The city-block distance

      n
   C=SUM(|Y(1)i-Y(2)i|)
     i=1

is a special case of the «Minkowski-distances» representing the distances between two vectors in an n-dimensional space spanned by n orthogonal axes. It can be used as a measure of the similarity of the distributions/means of two repeated measures. An example is given in Schröger (1998) were it has been used to determine the replicability of a particular component of the event-related brain potential. Since in the case of small sample sizes or unknown distribution functions of Y(1) and Y(2) by which the probability function of C could be developed, the distribution function of C, required to interpret a particular value of C, is not known, a randomization test can be used (e.g. Edgington, 1980).

It is suggested to

1. pool the measured values from both repeated measurements, resulting in a sample size of 2n;
2. draw a large number of random samples from this pool, dividing the pool in two groups of size n;
3. compute C for each sample;
4. compute the cumulative distribution functions of the values of C; and
5. determine the critical value for a given significance level alpha.

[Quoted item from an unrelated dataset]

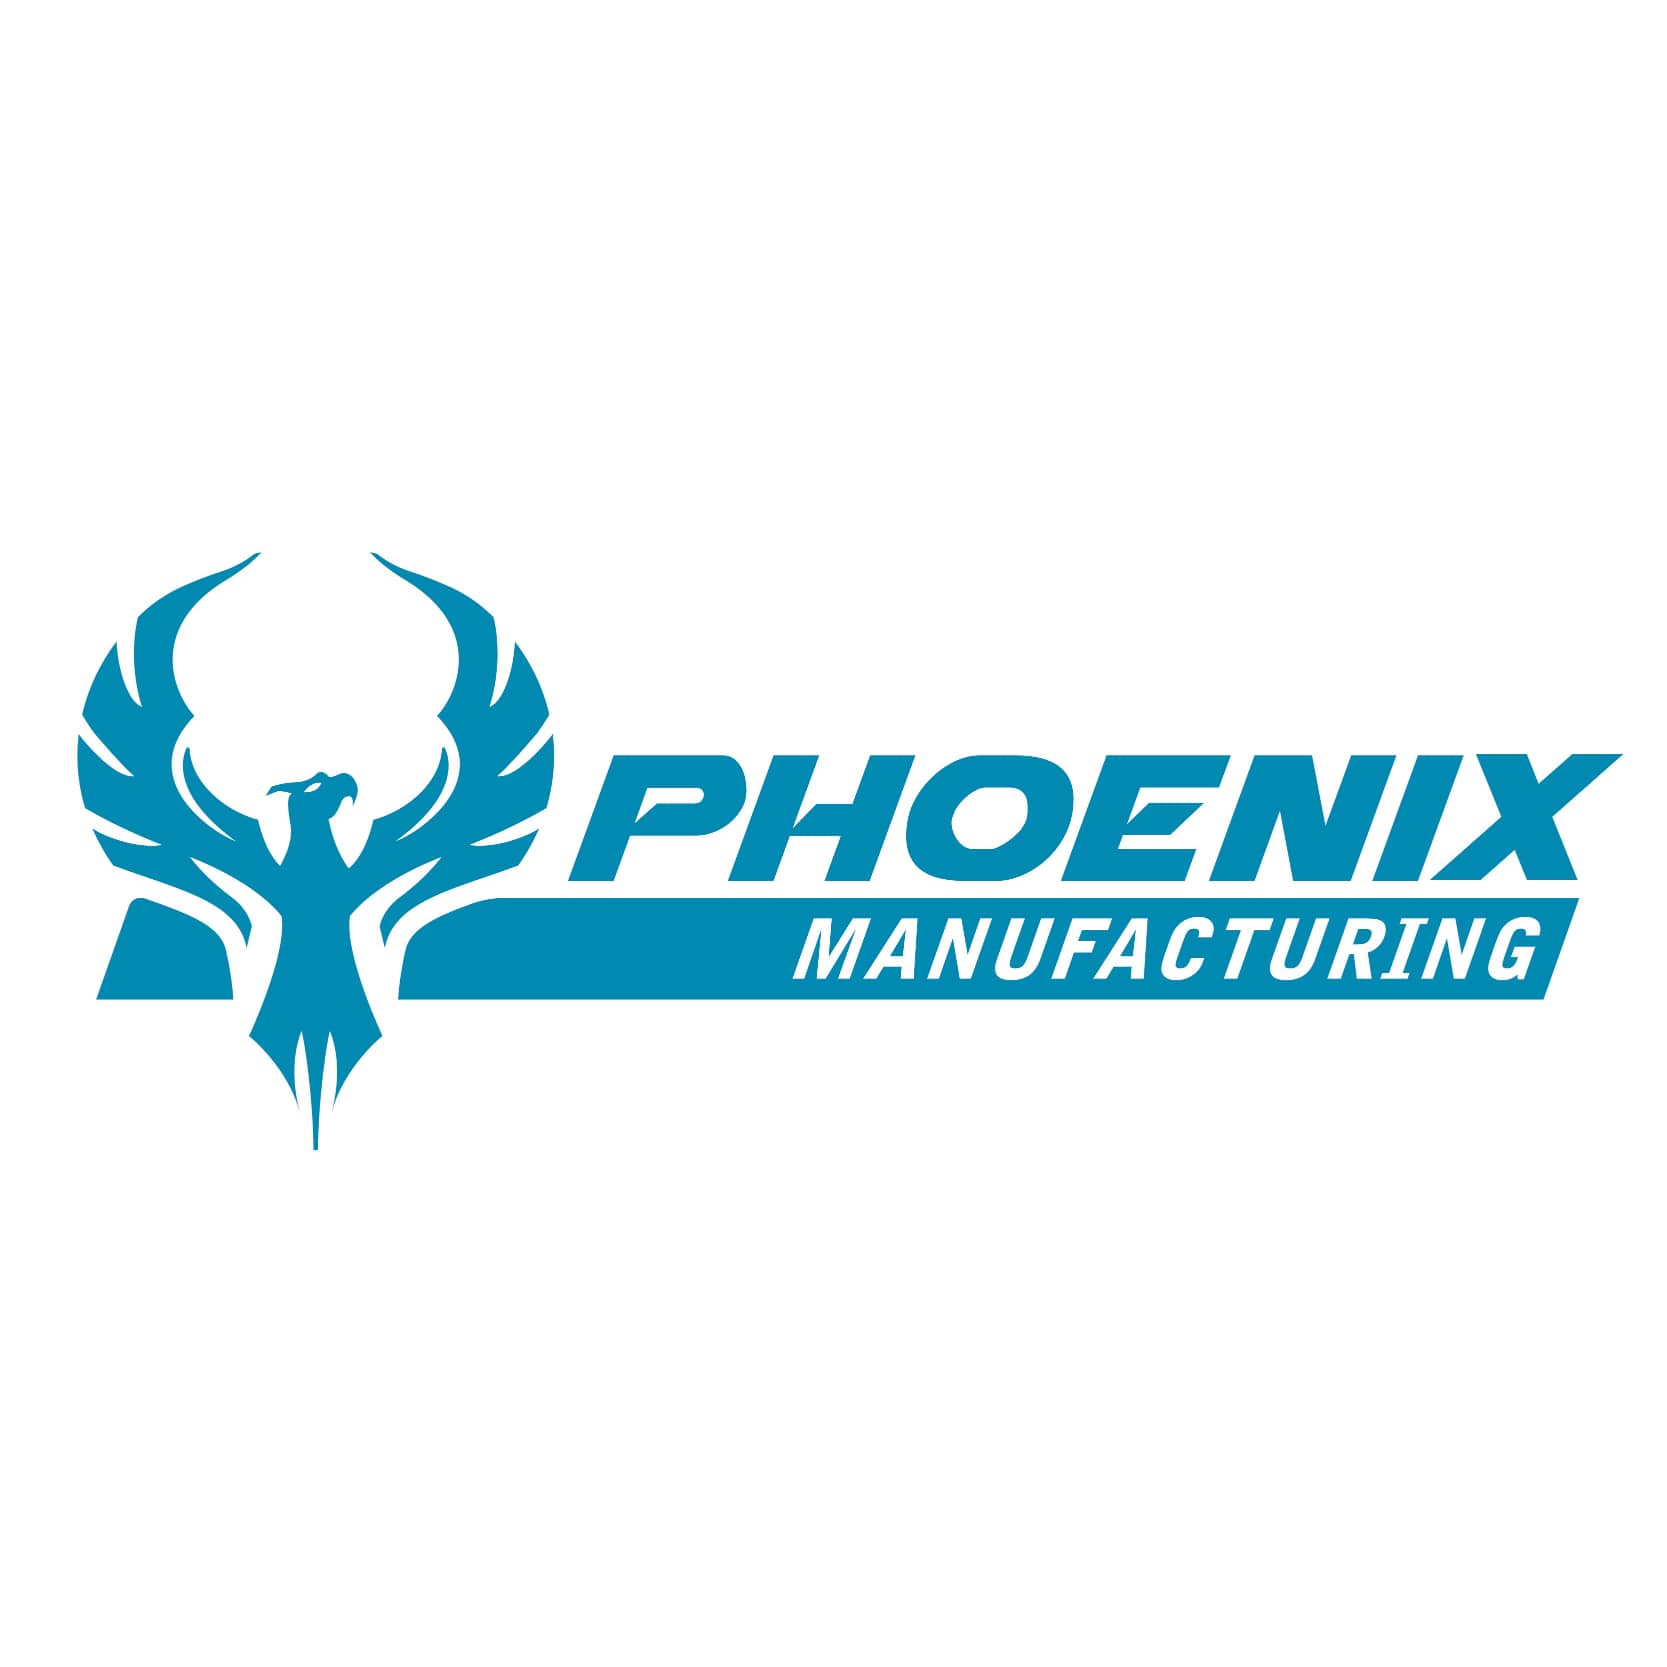 Phoenix Manufacturing Welcomes Scott Morling as New President

Steps (1) to (3) are done by the provided perl script minkowski.pl. To keep the script short and to save computing time the probability for a city-block distance equal or smaller than the empirically measured one is computed rather than the cumulative distribution function.

References:
Edgington, E. S. (1980). Randomization tests. New York: Dekker.
Schröger, E. (1998). Measurement and interpretation of the mismatch negativity. Behavior Research Methods, Instruments and Computers, 30, 131-145.

Download the perl script and documentation:

minkowski.zip (for dos/win32s)

minkowski.tar.gz (for linux/unix)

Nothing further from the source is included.